The edge mouldings of the arched panel are broad and flat. On the left, the pelleted transverse strip continues round from face D, where it functions as a 'capital' from which the arched head of the panel springs; but the equivalent feature on the right-hand side of this face is only roughed out with a punch. On the left, above the pelleted strip, diagonal mouldings corresponding to the strap-like features attached to the arched head of the panel at this level on face D, are also roughed out; on the right, they are matched only by an incised saltire setting-out line.
Within the arched panel is a deeply cut seated figure in profile. The cutting is in flat planes. He sits, facing left, on a small stool, set crookedly. The vertical drapery around the shins is crude, and the upper part of the figure seems to be clothed in a jacket-like garment with a strip looping the arm and the lapel. The left hand holds the hilt of a large sword with a sub-triangular pommel and straight guard. The right hand protrudes from below the chin, palm uppermost. The head has a pointed chin, round incised eye, and a semicircular hair-line. On the head is what may have been intended as a hat, with rough volute tips front and back.
The surviving sections of the edge moulding of fragment b are wide, plain and flat. At the top, the carving consists of a seated figure in profile, its upper part heavily damaged. The carving is done in a series of flat planes. He sits on a chair whose legs are lost to the centaur carving intruded below. The legs of the figure are revealed and there is an attempt at half-profile about the knees. The left hand holds a rectangle with a raised perimeter. In front of the legs is a long staff.

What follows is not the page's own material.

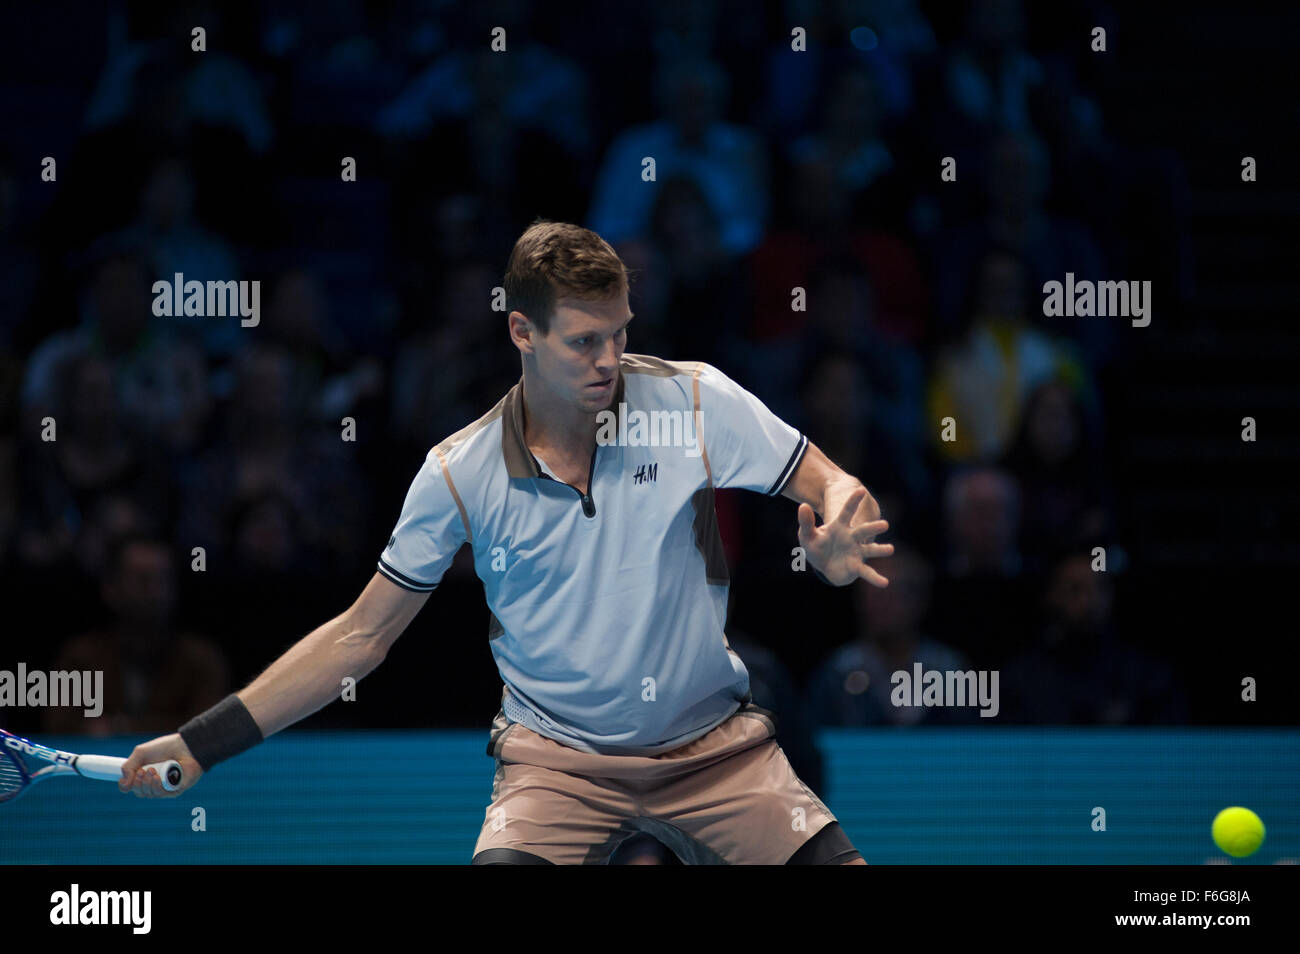 O2 Arena, London, UK. 17th Nov, 2015. Barclays ATP World Tour Finals. Tomas Berdych (CZE) vs Kei Nishikori (JPN) Stock Photo

Within the panel at the base is a deeply modelled centaur facing right, its rump damaged and nearside legs bent. The human half faces frontally with incised features and hair made up of concentric rows of pellets. On the shoulder is another, smaller, head, inclined and with drilled eyes. This carving intrudes into the border at one side and has been cut into part of the scene of the seated figure immediately above. The lowest part of the shaft is dressed but unornamented.
B (narrow): Beneath a broad, horizontal strip at the top of fragment a, the angel frieze is complete and identical with the one on face D.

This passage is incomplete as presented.